Text & Chat filtering available through Steam Labs beginning today

Image: Steam

Valve is working on a text and chat filtering feature for Steam that will allow players to control what comes to their attention when playing popular online multiplayer games.

Steam Text & Chat Filtering is available now, in a beta version, through Steam Labs. Valve Corp. said the tool was built on the chat filtering Steam already developed for games like Counter-Strike: Global Offensive and Dota 2.

The new tool “moves it to Steam for a customized experience that is consistent across supporting games” and wherever Steam users are in a text chat, whether the Steam client, a mobile app, or the Steam website.

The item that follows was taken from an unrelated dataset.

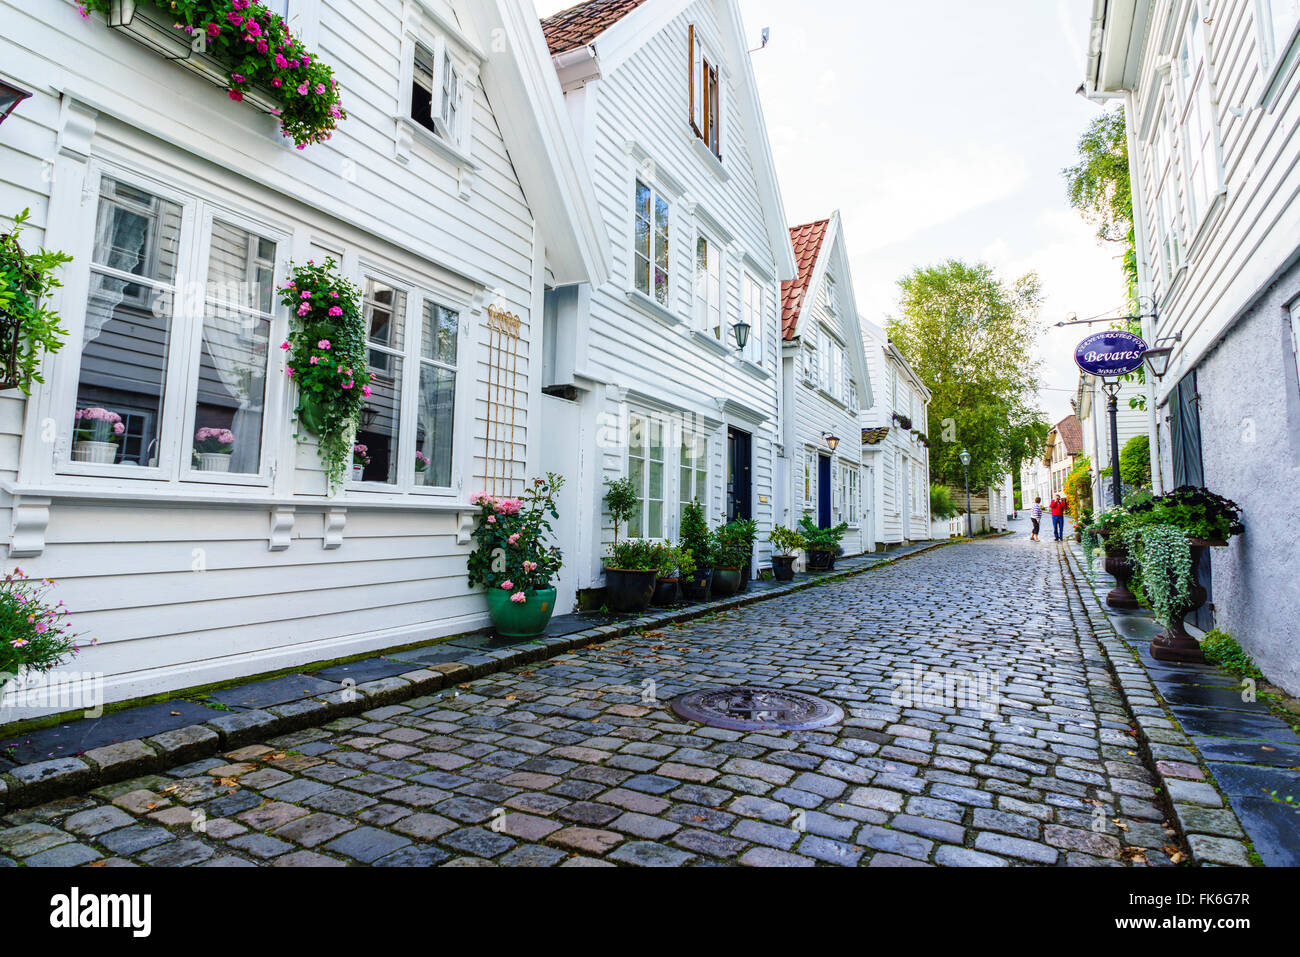 Old Stavanger, comprising about 250 buildings dating from early 18th century, Stavanger, Rotaland, Norway Stock Photo

Chat filtering already obscures the most commonly used offensive language. Users may then alter their settings to control whether profanities, vulgarities, obscenities, and hostile invective are shown. They may also add to or remove words from a personal filter list, “because each player’s tolerance for difficult words is unique,” Valve said.

“Most of the time, players’ interactions are positive, friendships are formed, and everyone benefits from sharing our love of gaming with one another,” Steam Labs developers wrote in an FAQ. “But some of the time, people have have negative experiences on Steam due to their encounters with, in the worst case, bad actors, or simply others whose tolerance for various forms of language differ from their own.”

Steam already has parental controls to keep younger players safe, and by default content in Steam’s reviews and other community spaces is moderated to remove profanities and hate language, and blur potentially inappropriate imagery.

“Our filtering does not catch all profanity and slurs,” the developers said. “If you see a word you wish you hadn’t in chat, adding it to your filtered list will help us improve our filtering for all Steam users while immediately updating your own experience to avoid seeing that word again in chat.”

Regarding racist, homophobic and other slurs, “We know marginalized groups can reclaim language for themselves,” they wrote, “and we don’t want to stand in the way of enabling groups of Steam users from doing so when chatting with one another on Steam.” That’s why players have the option to see profanity and slurs from those in the Steam Friends list, while blocking it at large.

The developers wrote that “by filtering variants of the top 5 most commonly used strongly profane or hateful words, we can eliminate about 75% of profanity and slurs used in chat.”

Steam said its telemetry shows that 56% of this language involves the F-word or its many variants. A distant second was No. 2 (as in, the S-word) or its derivatives and compound forms. About 24% of the instances comprised “strong profanity and slurs we found to be used commonly enough that we’ve also added them to our lists.”